На Тверском, недалеко от Есенина, Надя остановилась возле клумбы с геранью.
– Ты любишь герань? Я люблю. У бабушки на окне росла. Правда, у нее была белая. А красная – помнишь, мы в Париже видели, там много на балконах и окнах… Слушай! Давай украдем герань!
– Да я куплю тебе, ты какую хочешь?
– Нет! Я хочу эту! С бульвара. Посмотри, полиции нет?
Лялин посмотрел по сторонам и встал так, чтобы заслонить Надю.
– Кажется, у меня был пакет, – он открыл сумку.
В это время Надя аккуратно вынула кустик вместе с комом земли.
– Надо платок намочить, обмотать корни, – подсказал Лялин и достал из кармана синий клетчатый платок.
– А тебе платок не жалко?
Надя достала из сумочки маленькую бутылку с водой.
– Мне для тебя ничего не жалко.
– Ладно, я потом постираю. Вот, лей.
Они обернули корни мокрым платком и положили цветок в пакет.
– Может, тогда не пойдем гулять, поедим и поедем? – задумалась Надя.
– А я говорил!
– Ну я же не знала, что мы найдем герань.
– И украдем герань. Давай тогда вернемся в переулки, там на углу я видел какой-то морской ресторанчик.
Когда они сели на мягкий диван возле окна, Надя поняла, что устала.
– Выбери что-нибудь для меня, – попросила она.
– Есть крабовая колбаса с манго.
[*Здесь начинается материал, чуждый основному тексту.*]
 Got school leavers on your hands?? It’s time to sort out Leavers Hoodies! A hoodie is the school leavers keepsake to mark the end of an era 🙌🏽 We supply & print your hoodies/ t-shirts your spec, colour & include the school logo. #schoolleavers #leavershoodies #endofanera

Ты же любишь крабов?
– Годится! А овощи какие-нибудь есть?
– Картошка, цветная капуста с сыром, запеченное ассорти… – прочитал Лялин.
– Давай капусту. А ты что будешь?
– А я съем обыкновенного палтуса.
– Тоже хорошо. Ой, смотри, какие здесь вилки! – оживилась Надя, заметив, что ручки у приборов золотого цвета, да еще и закручиваются на манер улитки. – А давай…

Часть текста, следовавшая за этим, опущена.